JustOldBob on October 22, 2002 at 1:32 pm

I was just looking at another theatre I frequented before finding the Golden Gate. That theatre is the Fox Florence Theatre on Florence Avenue just east of Hooper Avenue. While reading the description it hit me how much the Fox Florence and the Golden Gate had in common. The front, then the courtyard, balcony, etc. I wonder if it was the same ARCHITECT, or at least using the same design. The Fox Florence Architect was S. Charles Lee, according to the description. Those of you who actually went to the Golden Gate and or Fox Florence, go to their listings and compare that with your memories. I think they were VERY much alike.

JustOldBob on September 14, 2002 at 5:08 pm

As the others know, but others may not, this theatre was located on the south/west corner of Atlantic Avenue and Whittier Boulevard. To the right of the marque is an opening, and inside of that was a very nice foyer, when I went there, there was a red carpet on each side of the foyer, and running north/south, under canopies.
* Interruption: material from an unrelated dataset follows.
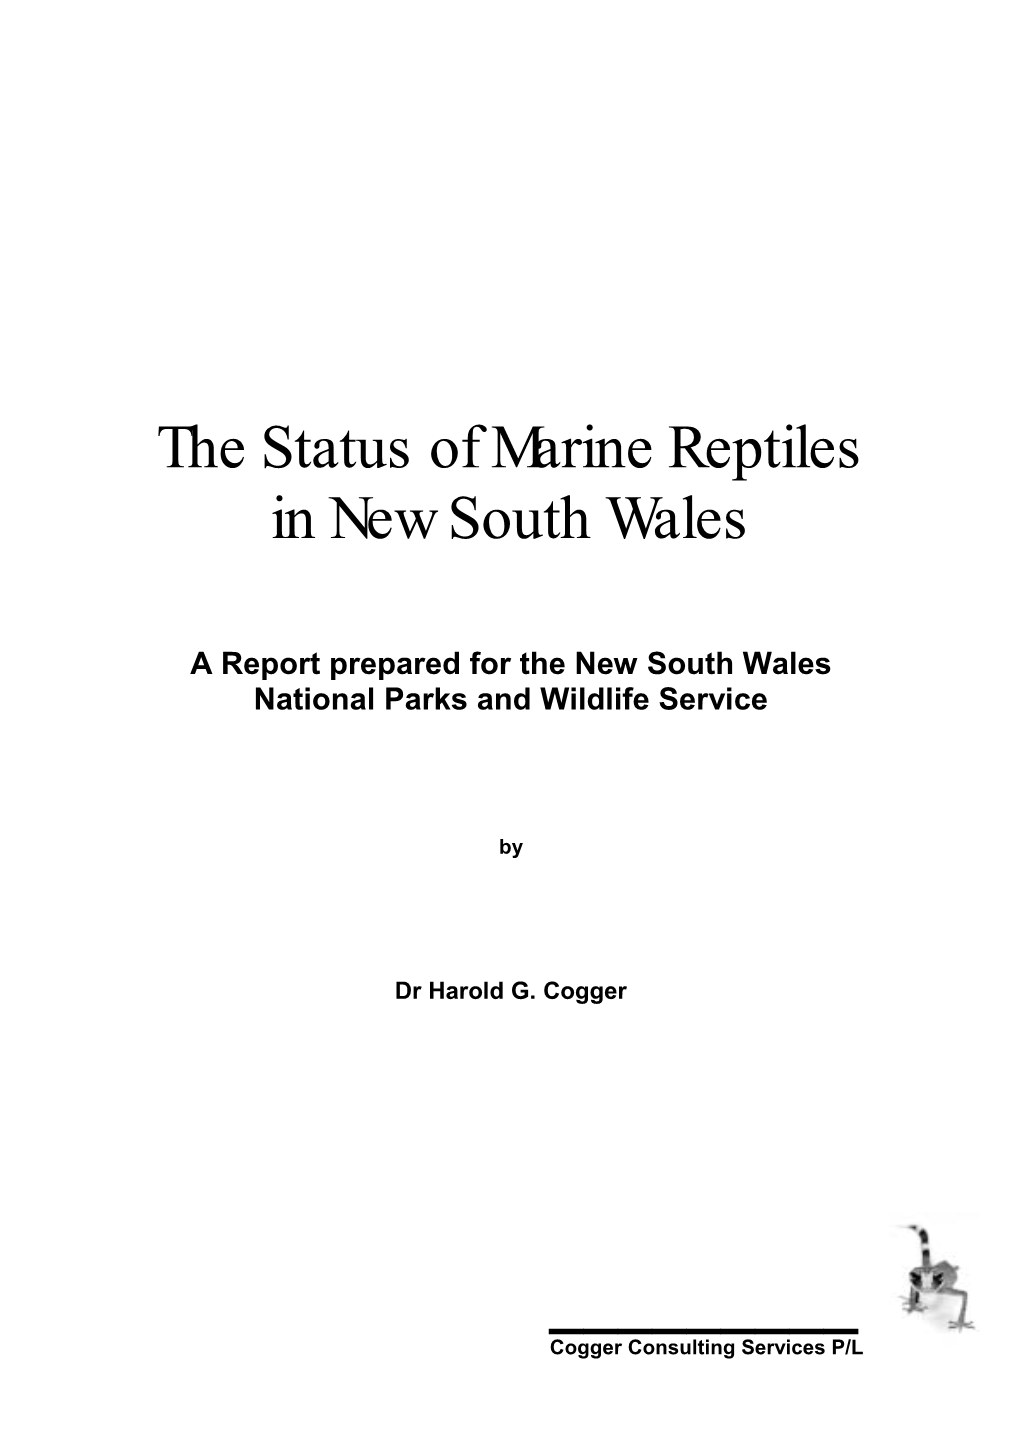 The Status of Marine Reptiles in New South Wales

Truly a very nice theatre.

eliperales on May 31, 2002 at 12:05 am

The person who had the Golden Gate built was Harry M. Sugarman.It was built approx in 1925-26. Mr.Sugarman was an actor in Hollywood in the early twenties.He owned a chain of movie theaters under the name West Coast Junior Theatres. He also attended Los Angeles High School in 1916. It’s sad to see its present condition. As a kid in the early 70’s the Golden Gate was my movie theatre.It was beautiful inside and out and it had a wonderful balcony.

Manwithnoname on March 1, 2002 at 5:54 am

There is a for sale sign on the property. Looks like mega bucks would be needed to make this a usable venue again.

William on February 20, 2002 at 12:46 pm

This theatre maybe returning as a Performing Arts Center Theatre. More news to follow soon.

Manwithnoname on February 20, 2002 at 5:24 am

The area between the main theater building and the street was recently paved and turned into a parking lot. It is a Christmas tree lot every year. Yet, the main theater building still stands, boarded up. Does this have protected status?